Our company is offering Voluntary Lay Off this year where you get a week of pay for each year or service at the company. After that, you are eligible for unemployment. I ran the numbers with our budget, and I think that we would be absolutely fine and still be able to save money each month. I was elated, because it’s a way out! Then I could focus all my energy on the job search and perfecting the technical skills for the certificate I am earning. 

I broached the topic with my husband, and he was less than receptive. He is worried about the risk (so am I) and thinks the financial risk is too great. He also indicated that he would expect us to fire our twice monthly house cleaner, and that I would take on burden of doing all vacuuming, dusting and toilet scrubbing. I told him I was able to keep that in the budget and that I wanted to focus all my energy on finding a job. I also didn’t want to become the person responsible for all the chores simply because I wasn’t working, because my job would be to FIND a job. He said that was probably a deal breaker. 

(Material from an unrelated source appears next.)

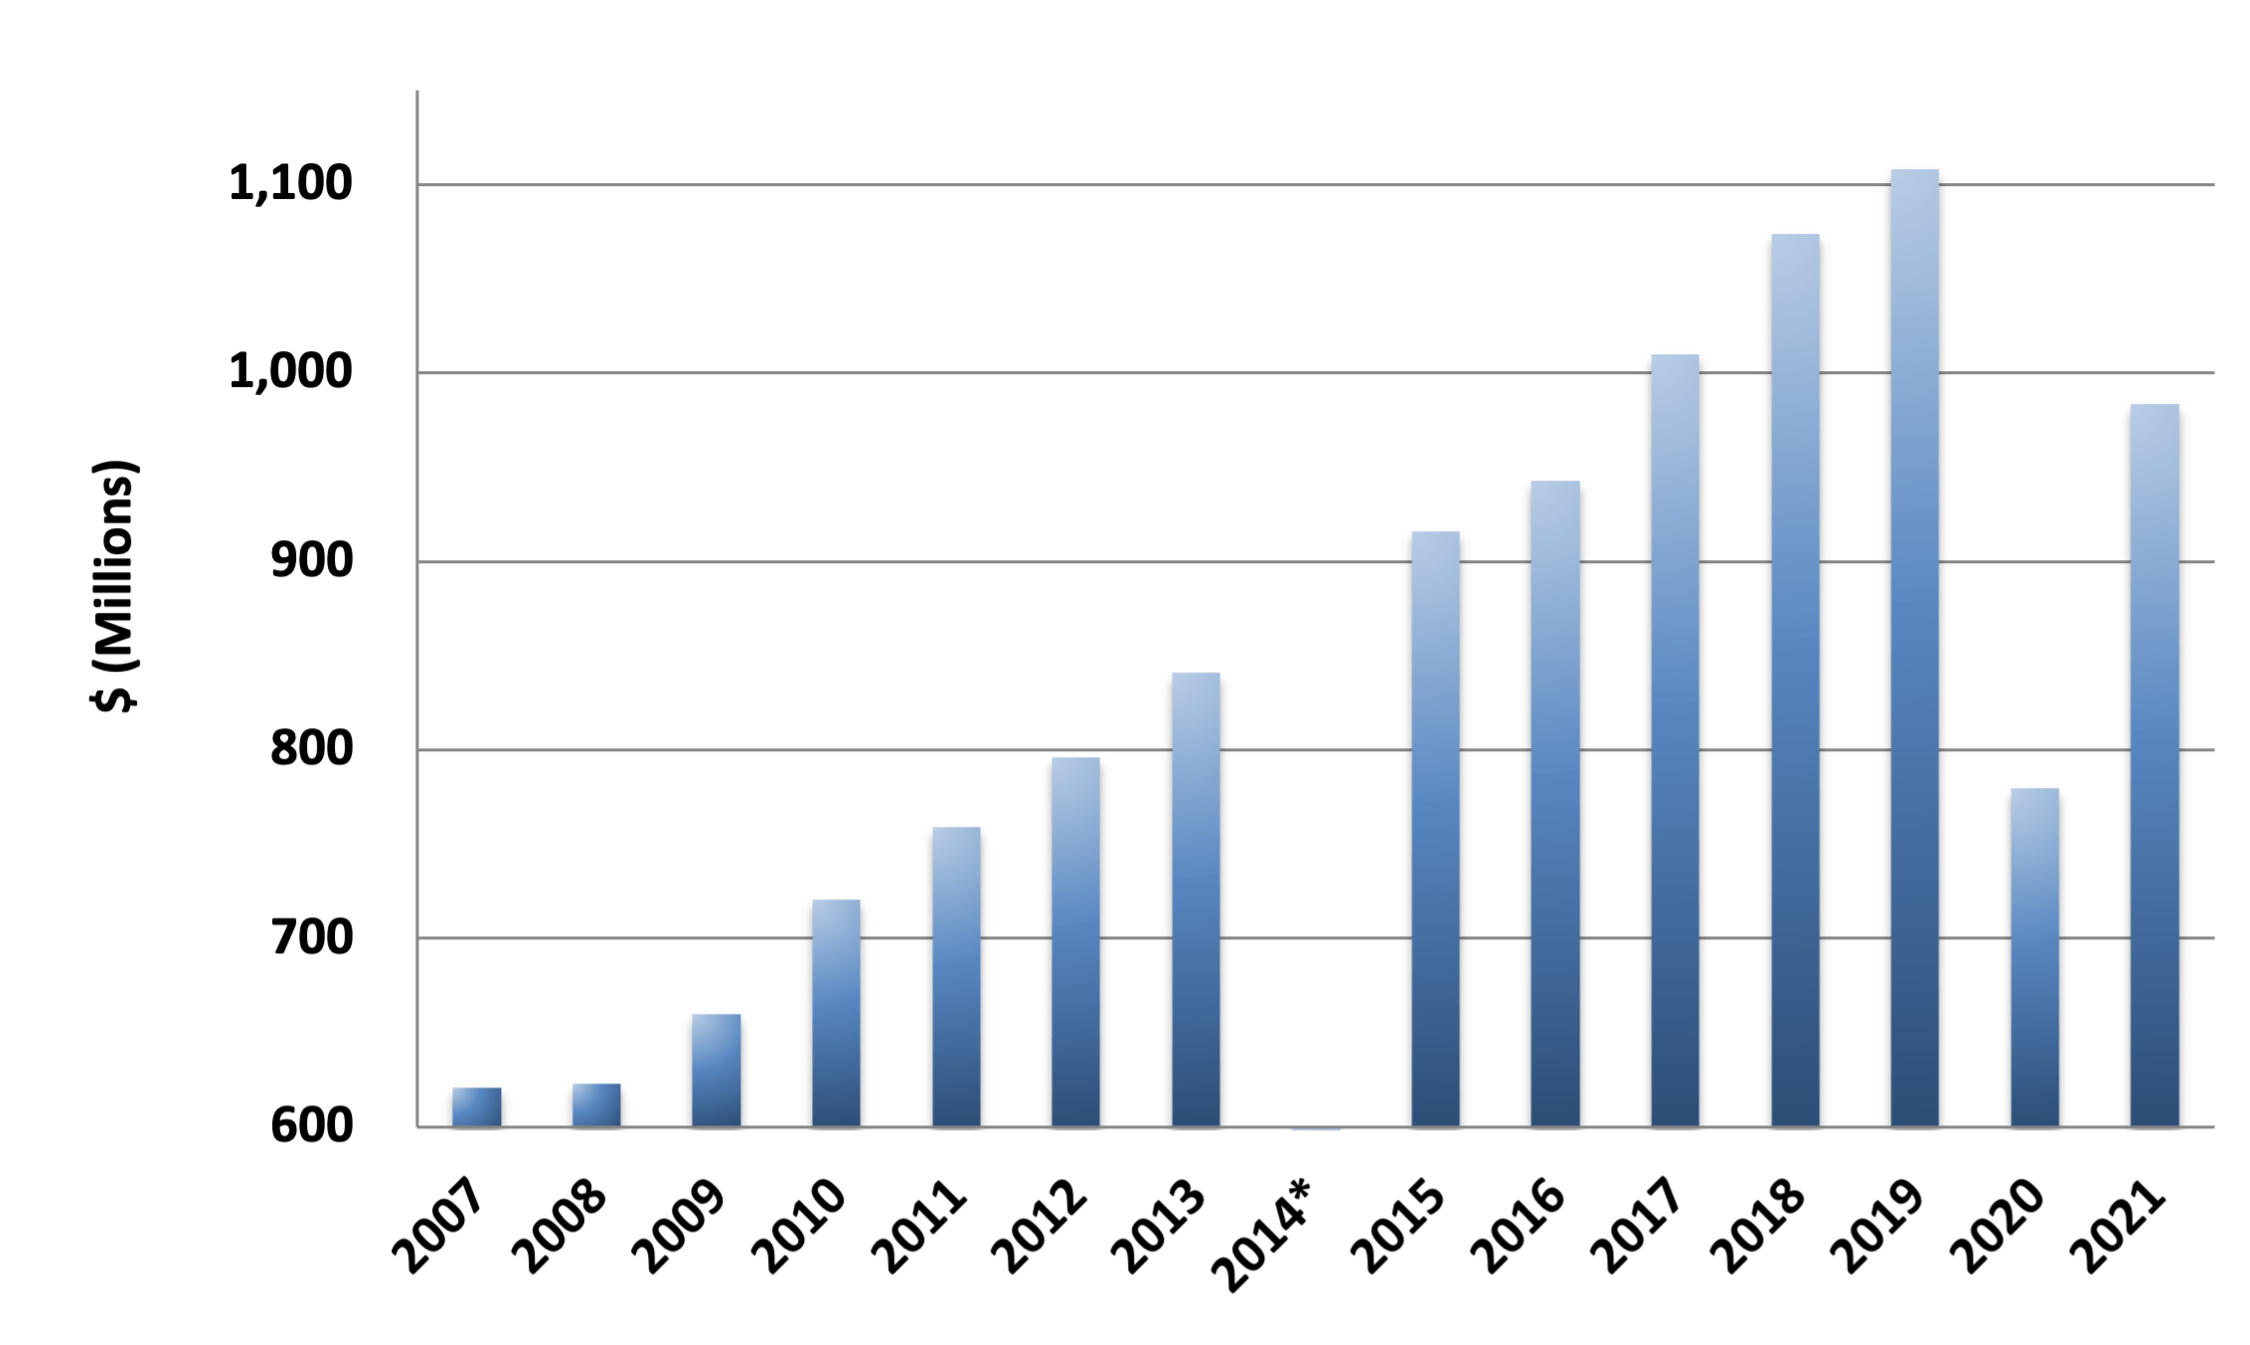 College Board's Revenue 2007 to 2021

We still have some thinking to do, but I think he is ultimately going to tell me that while he wants me to be happy, I need to keep working because we can’t bear the financial risk. He has already told me that when we bought our house, we made a financial agreement and we have plans to save money for our future (fun things, like a back yard or new cars). That’s the most important thing. 

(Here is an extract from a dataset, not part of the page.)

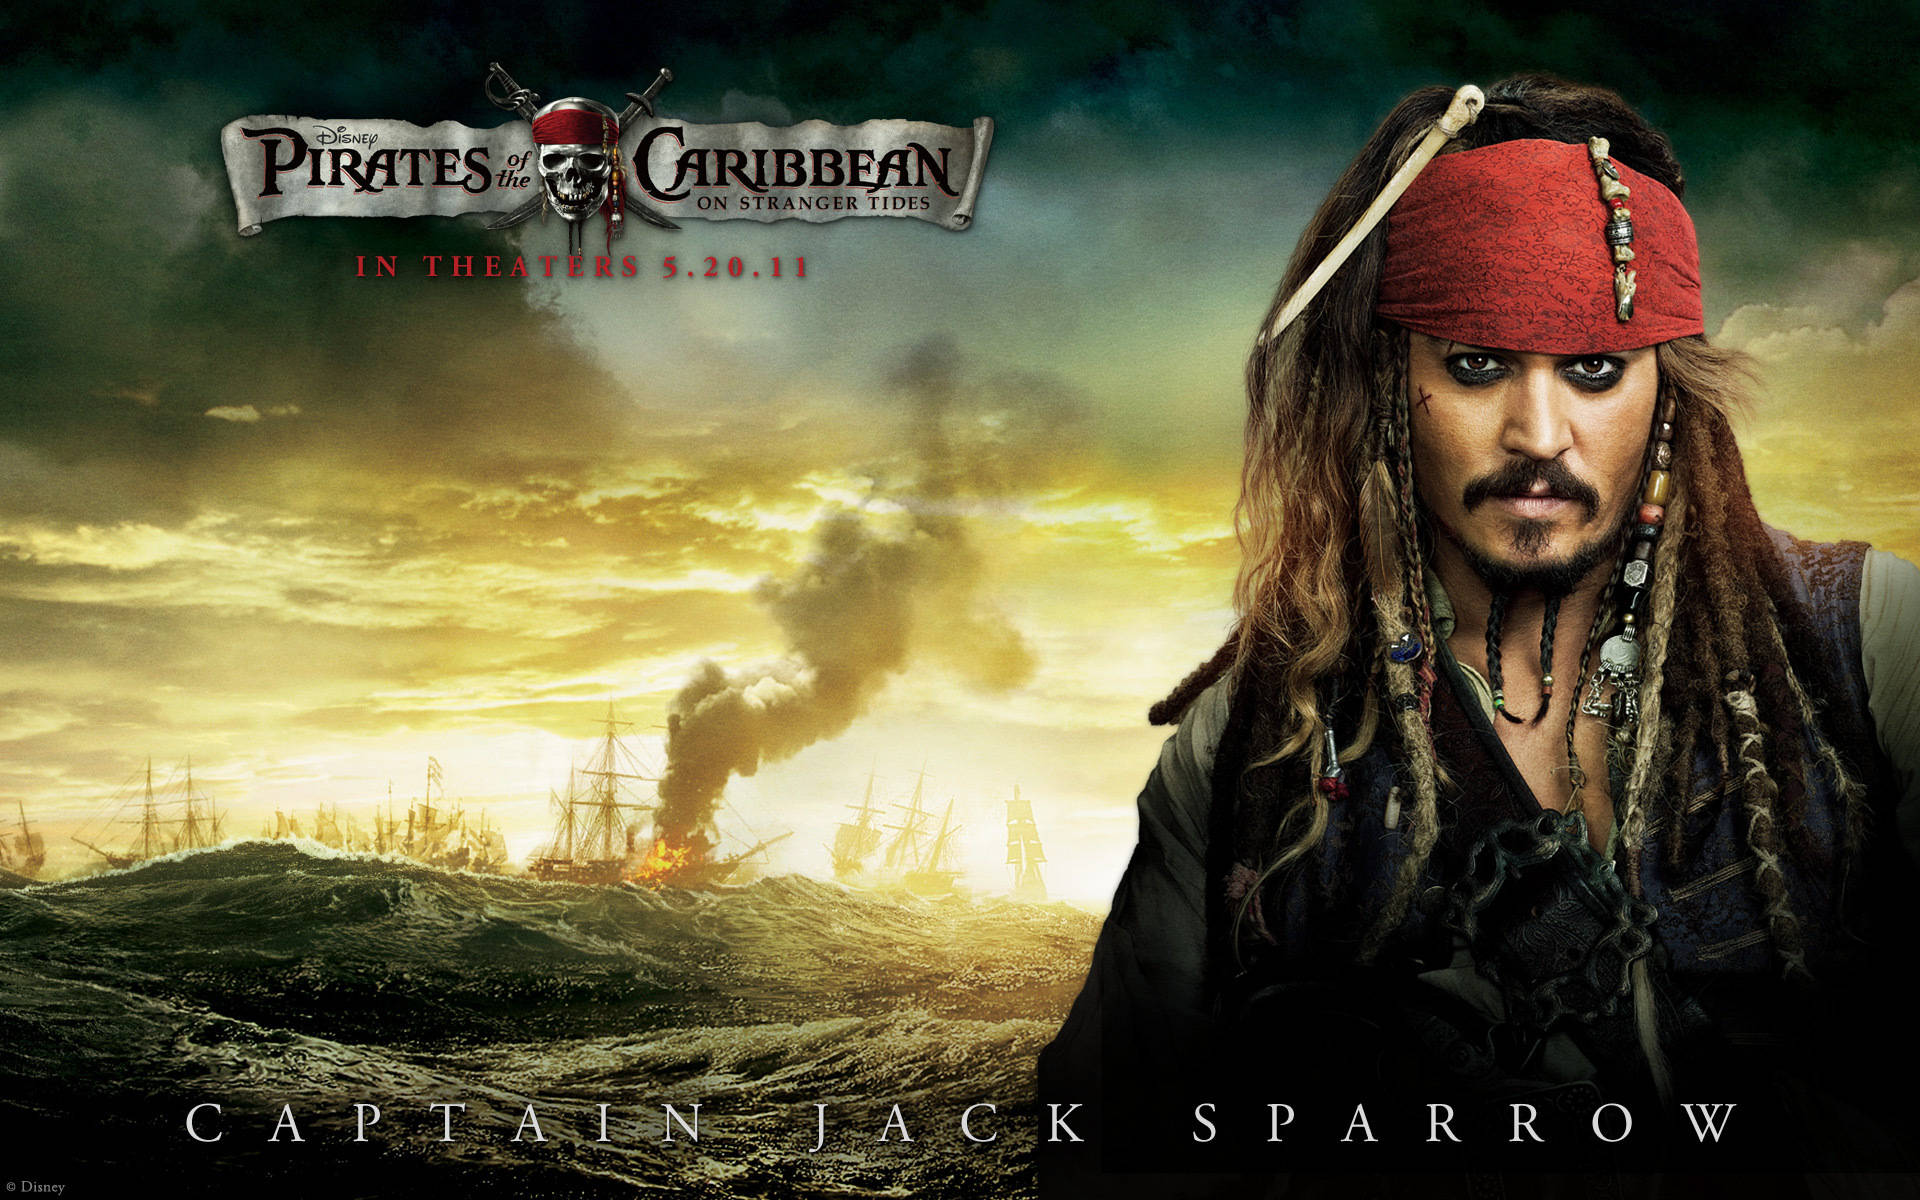 Jack Sparrow Stranger Tides Poster Background

Here’s where my thoughts are. I feel like he is placing my economic worth (both my earnings and chores) over my mental well-being. I want to tell him that, but I also want to tell him that I don’t want to be in a marriage where my economic worth is the most important factor. I also don’t want to be in a marriage where he thinks that my career choice is a joint decision. And for the record, if our positions were reversed, I’d want him to pick that path that allows him to be happy. Our marriage needs to strengthen or I don’t think we are going to make it. 

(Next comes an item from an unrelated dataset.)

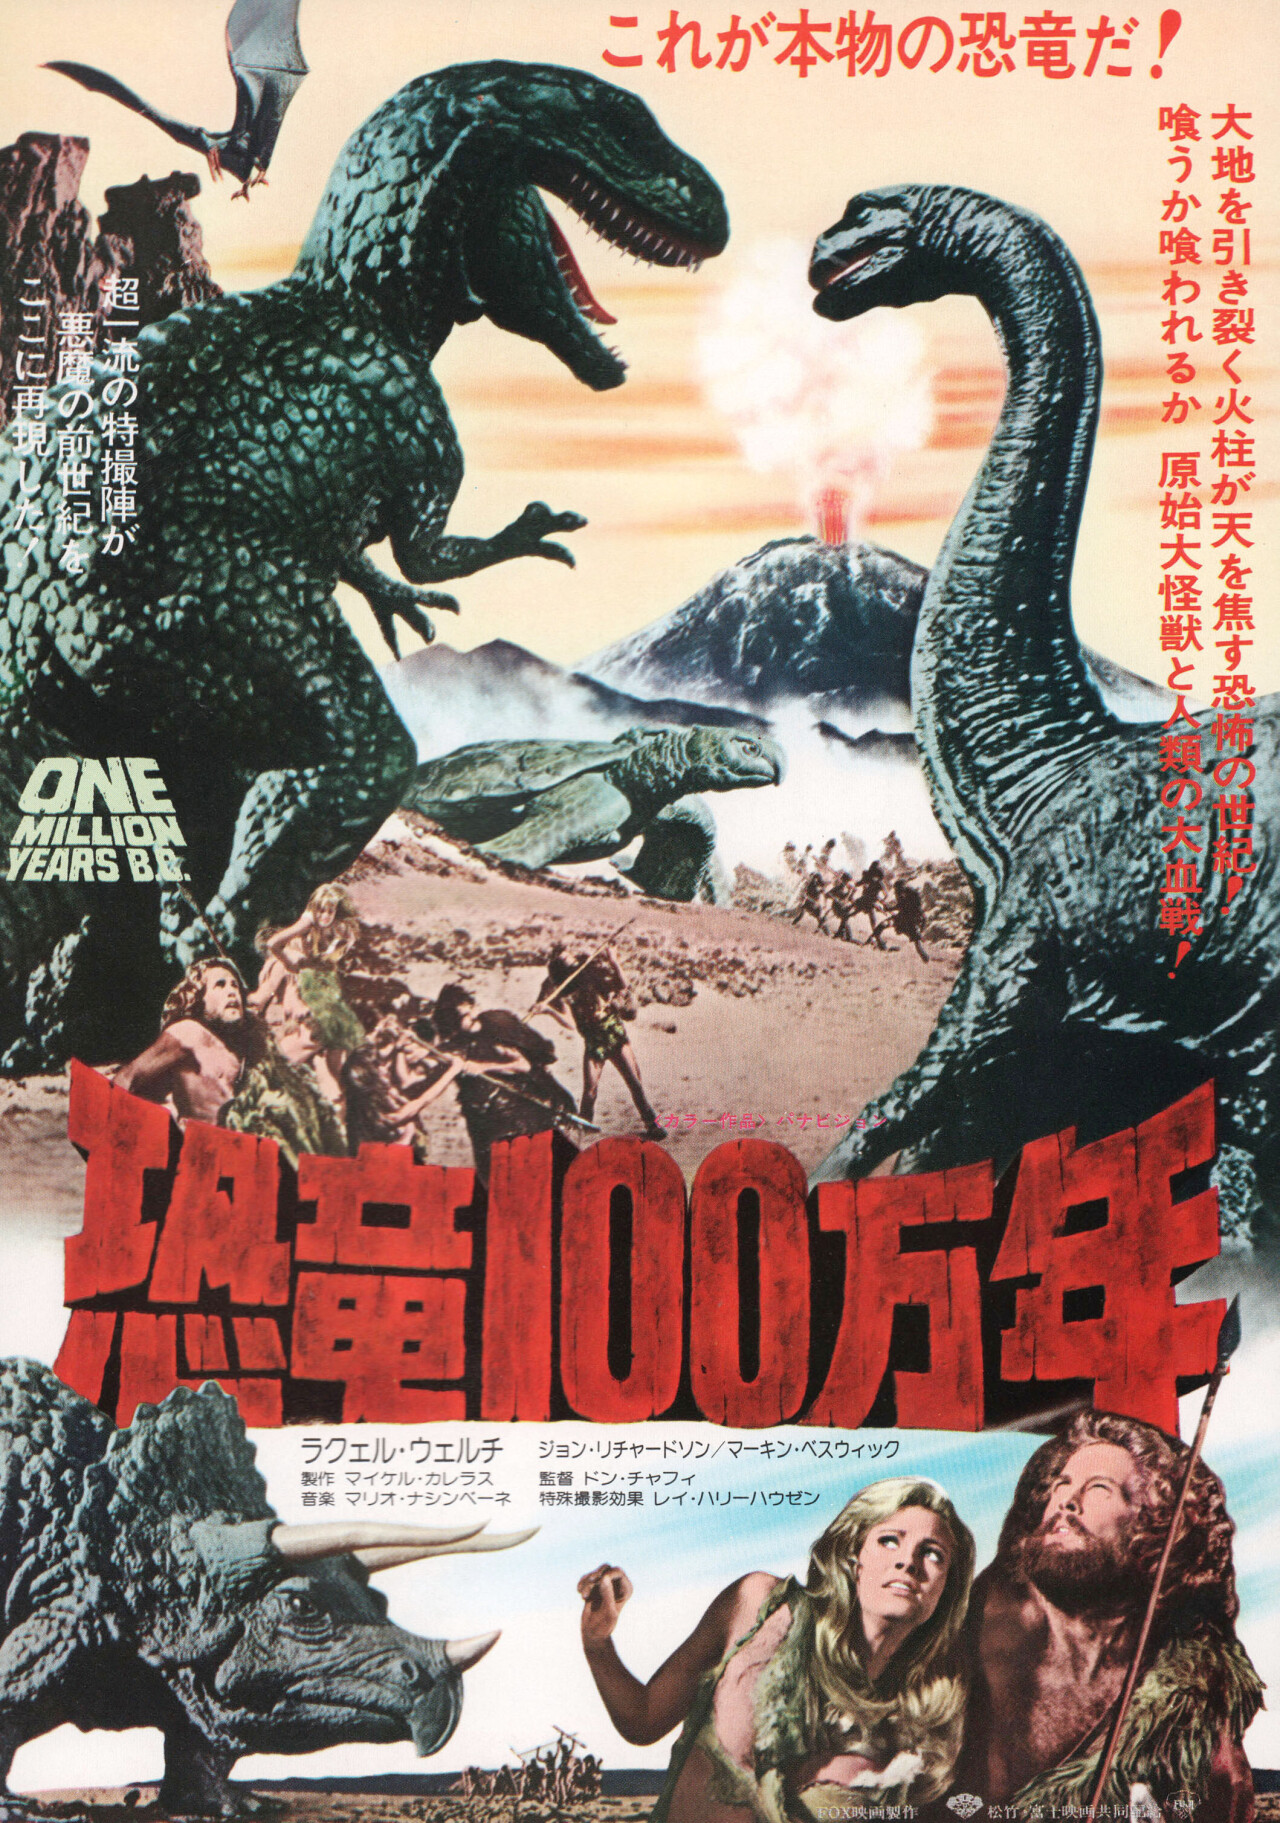 Миллион лет до нашей эры (One Million Years B.C., 1966), режиссёр Дон Чэффи, японский постер к фильму (Hummer horror, 1977 год)

Is this an ultimatum? I don’t want it to be “You won’t let me take Voluntary Layoff, so now I’m going to threaten to leave you.” I want him to know that I am very upset about how he values my well being, and that’s I’m not okay with that. Its also not okay with him thinking he gets to decide which job I take (or don’t take) based off its salary alone (that’s a different conversation we have had).

Yes, we are in counseling already. I don’t know if its working. I’m in my own counseling, and it is working.


----------



## Diana7 (Apr 19, 2016)

why cant you look for a job now so that you wont need to have any time off work? If you are so unhappy why havent you done this before?


----------



## drakeness (Jan 24, 2017)

I don’t want to look for a new job right now because my professional certificate will be complete in June. I want to change careers, so I don’t want to apply for jobs until then. June would also be when the Voluntary Lay Off would take effect. 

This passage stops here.